I’ve heard it said many times (usually by students in my Ethics course) that if people become vegetarians, as Peter Singer and others recommend, we’ll be overrun by animals. All the cows, pigs, goats, turkeys, and chickens being confined on farms and ranches will be roaming the streets and countrysides, interfering with our activities and generally making nuisances of themselves. You will wake up one morning to see a cow munching the grass in your front yard, or a pig rooting in your garden, or a turkey pooping on your driveway, or, god forbid, a goat eating the tin cans out of your recycling bin.
I’m not sure what’s supposed to follow from this. Imagine saying that slavery should not be abolished because it will result in unemployed former slaves roaming the countryside. Actually, now that I think of it, this argument was made. But surely there are more than two options: retain slavery and create anarchy. And even if there were only two options, we should opt for anarchy and the social disruption it entails rather than slavery! The former is an enormous problem; the latter is an enormity.

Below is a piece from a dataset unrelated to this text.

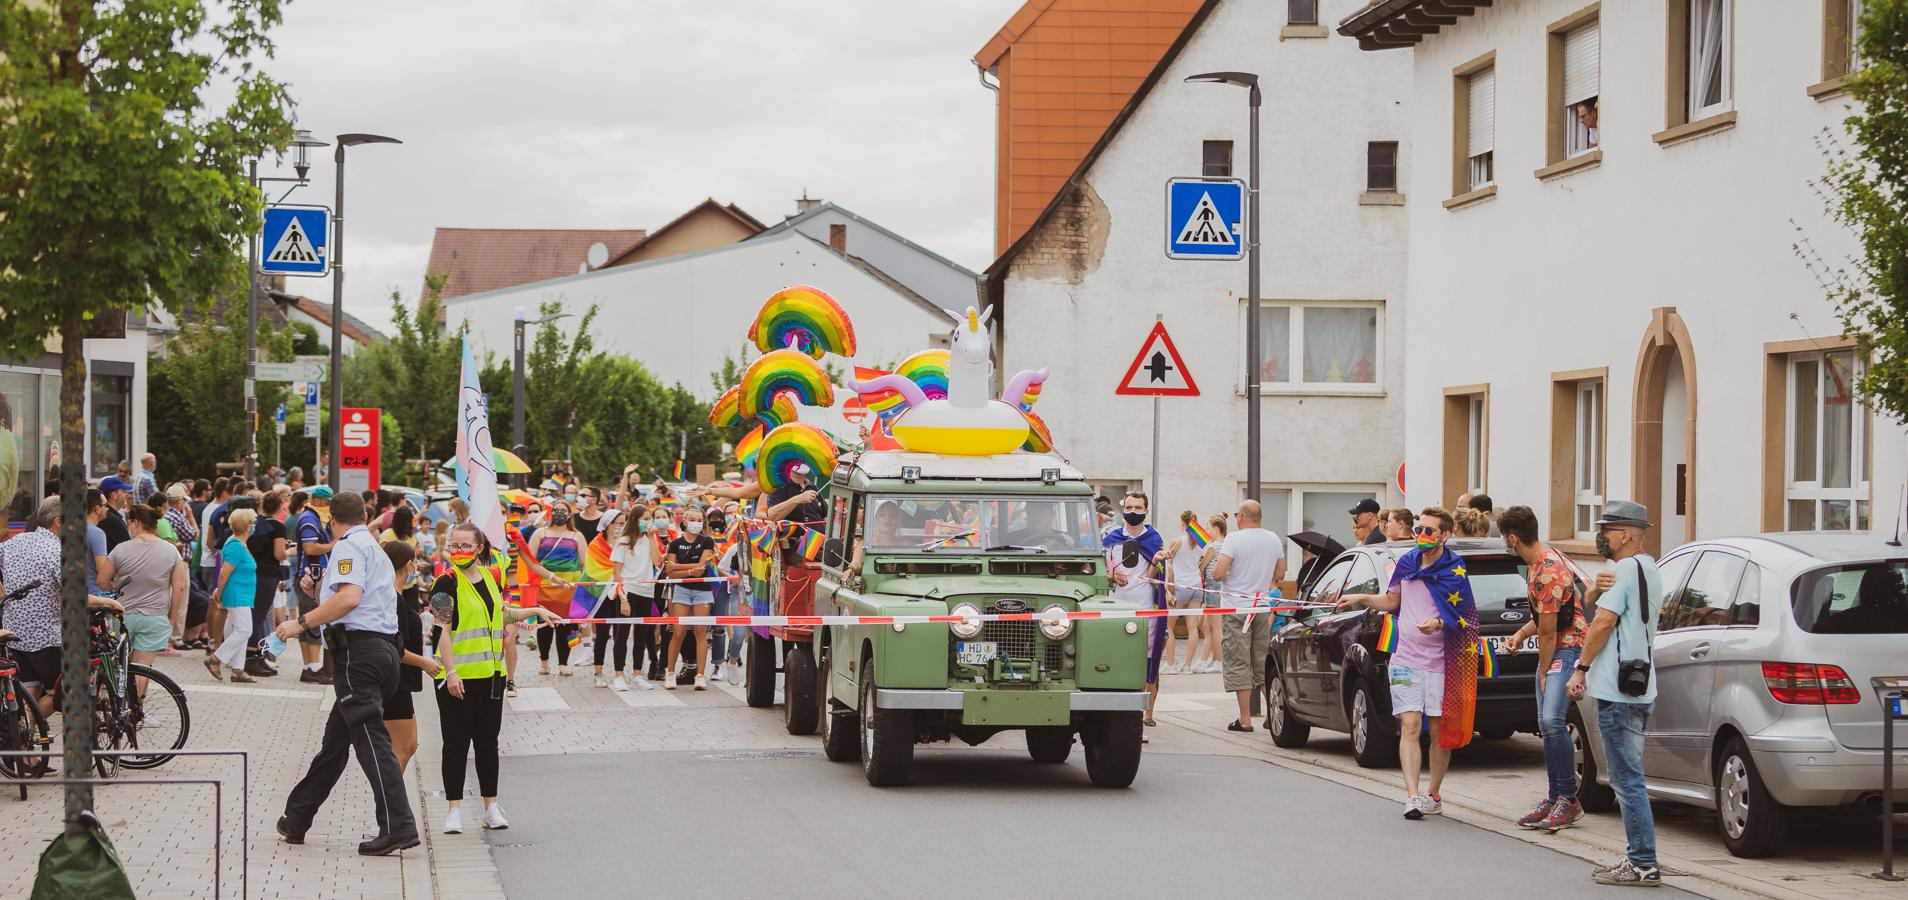 Bild zeigt den Anfang des Demozuges der Dorfpride 2020 in Mühlhausen

Perhaps the thought is this. An act is right only if it is universally prescribable. But one cannot universally prescribe that confined animals be liberated, since it will produce the aforementioned rampage. Therefore, it is not right to liberate one’s own animals. The problem is that this principle proves too much. It proves, for example, that it’s wrong for me to flush my toilet at five o’clock, since, if everyone did so, it would be ruinous. It proves that it’s wrong for me to withdraw my savings from the bank, since, if everyone did so, it would be disastrous.
I think we can see what went wrong. It’s highly unlikely that everyone, or even most people, will flush their toilets at five o’clock (although I’ve heard it said that halftime of the Super Bowl puts a severe strain on city sewage systems). Thus, there’s no harm in my doing so. In the case of animals, it’s highly unlikely that everyone will become a vegetarian at the same time. What will happen is what happens all the time in a market. Demand for a product will fall, causing producers to produce less. As demand continues to fall, marginal producers will cease production, and then the largest producers. There will no longer be a profit in producing animal flesh for human consumption.
At this point I get a different line of argument. It is said that people will be put out of work by these altered dietary choices. Those who made their living producing animal flesh, from the farmers and ranchers to the butchers, will be in trouble. But that’s how markets work. Imagine making a living producing horse-drawn carriages at the time the automobile was invented. The demand for automobiles lessens the demand for your carriages, much to your chagrin. Are you wronged? No. You have no right that people buy your products. You’re not wronged by their decisions to buy automobiles instead of carriages. You must adapt to the needs of consumers. We may regret that there is no longer a carriage industry, just as we regret that there are dead languages such as Latin, but nobody is wronged by their respective demises.
I sincerely hope, for the sake of the animals, that everyone who makes a living producing animal flesh for human consumption is put out of business, like the carriage producers. It won’t happen overnight, but it can happen—and will, if we choose rightly. Singer and others are simply trying to move us closer to that day by rationally persuading people to change their dietary habits.